2) add a "miso" after the _runningCore = _runningCore + 1;
3) change the _runningCore = _runningCore + 1; to use a lwarx/stwcx. to perform an atomic add.
4) Enable both threads on each core and increase then number of cores to 8.
Is this expected processor behavior? I can find no documentation stating how long a write from one core will take to be visible by another core but it seems odd that that time would be indefinite.
The piece of code shared by customer is partial.
Has customer used Codewarrior tool to run this code? If yes, please ask them to share the source code of this.

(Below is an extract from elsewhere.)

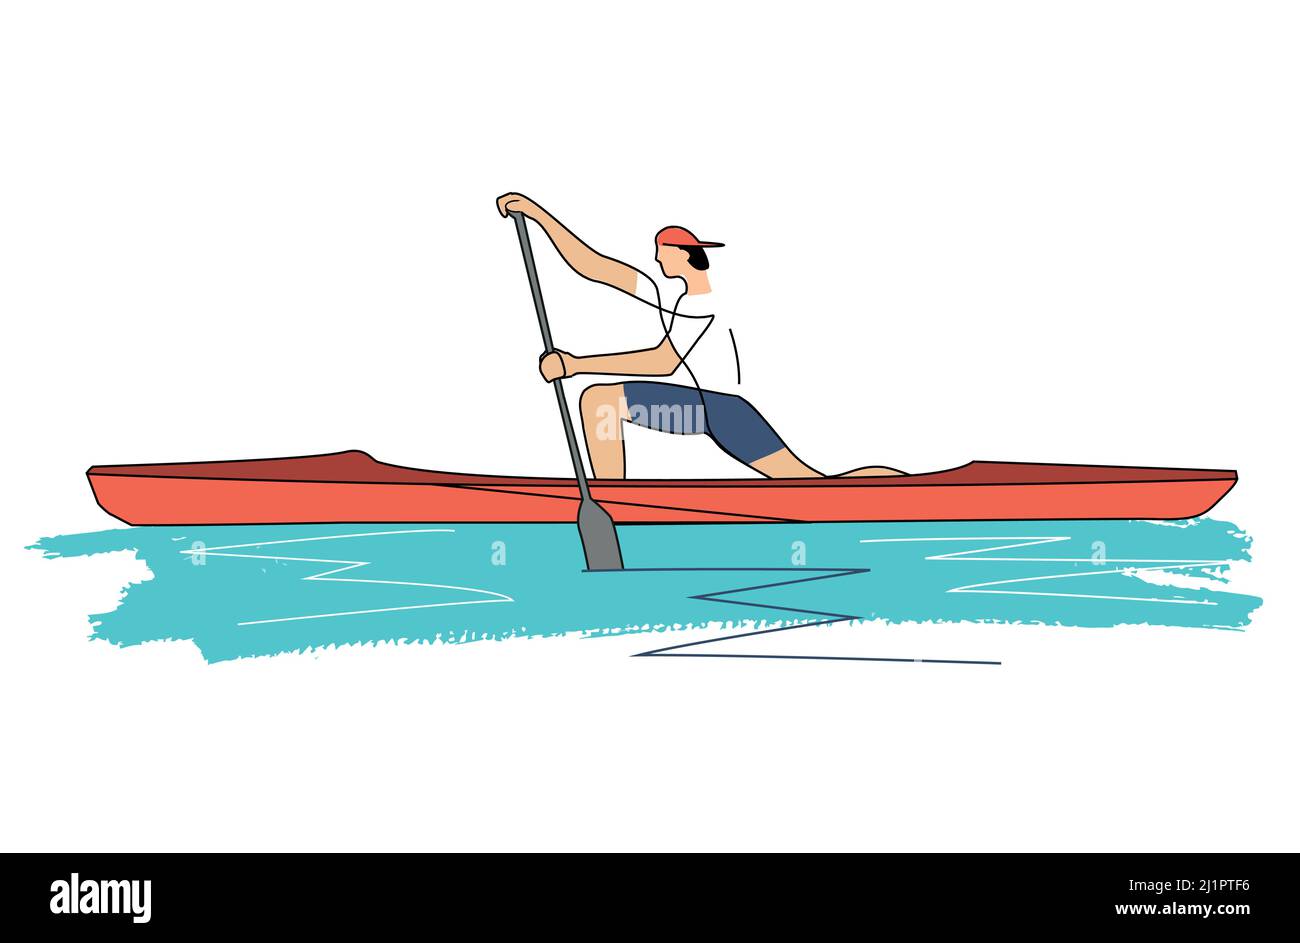 Canoe sprint, atleta uomo in piedi in appoggio su un ginocchio in canoa singola. Illustrazione stilizzata della linea di arte della canoa. Isolato su sfondo bianco. Illustrazione Vettoriale

Also, we would like to know the MMU settings of the addresses written in this code.
> Has customer used Codewarrior tool to run this code?
No, I do not have Codewarrior.
> Also, we would like to know the MMU settings of the addresses written in this code.
In my example _runningCore and interferenceMemory are on the same page. The MMU setting of each core for the page is:
core 0:
address| physical |ts|tid|tgs|tlpid| idx|way|set| pagesize | IPROT | WIMGE | U0123 | URWX | SRWX | X01 | mas1 mas2 mas3 mas7
01812000--01812FFF| 06182000--06182FFF | 1| 01| 0| 00| 292| 5| 12| 4 KB | - | --M-- | U---- | URWX | SRWX | X-- | 80011100 01812004 0618203F 00000000
core 2:
address| physical |ts|tid|tgs|tlpid| idx|way|set| pagesize | IPROT | WIMGE | U0123 | URWX | SRWX | X01 | mas1 mas2 mas3 mas7
01812000--01812FFF| 06182000--06182FFF | 1| 01| 0| 00| 092| 1| 12| 4 KB | - | --M-- | U---- | URWX | SRWX | X-- | 80011100 01812004 0618203F 00000000
core 4:
address| physical |ts|tid|tgs|tlpid| idx|way|set| pagesize | IPROT | WIMGE | U0123 | URWX | SRWX | X01 | mas1 mas2 mas3 mas7
01812000--01812FFF| 06182000--06182FFF | 1| 01| 0| 00| 092| 1| 12| 4 KB | - | --M-- | U---- | URWX | SRWX | X-- | 80011100 01812004 0618203F 00000000
core 6
address| physical |ts|tid|tgs|tlpid| idx|way|set| pagesize | IPROT | WIMGE | U0123 | URWX | SRWX | X01 | mas1 mas2 mas3 mas7
01812000--01812FFF| 06182000--06182FFF | 1| 01| 0| 00| 092| 1| 12| 4 KB | - | --M-- | U---- | URWX | SRWX | X-- | 80011100 01812004 0618203F 00000000
One thing I discovered while reproducing my results so I could collect this data is if L1 was disable on all cores the code completed as expected.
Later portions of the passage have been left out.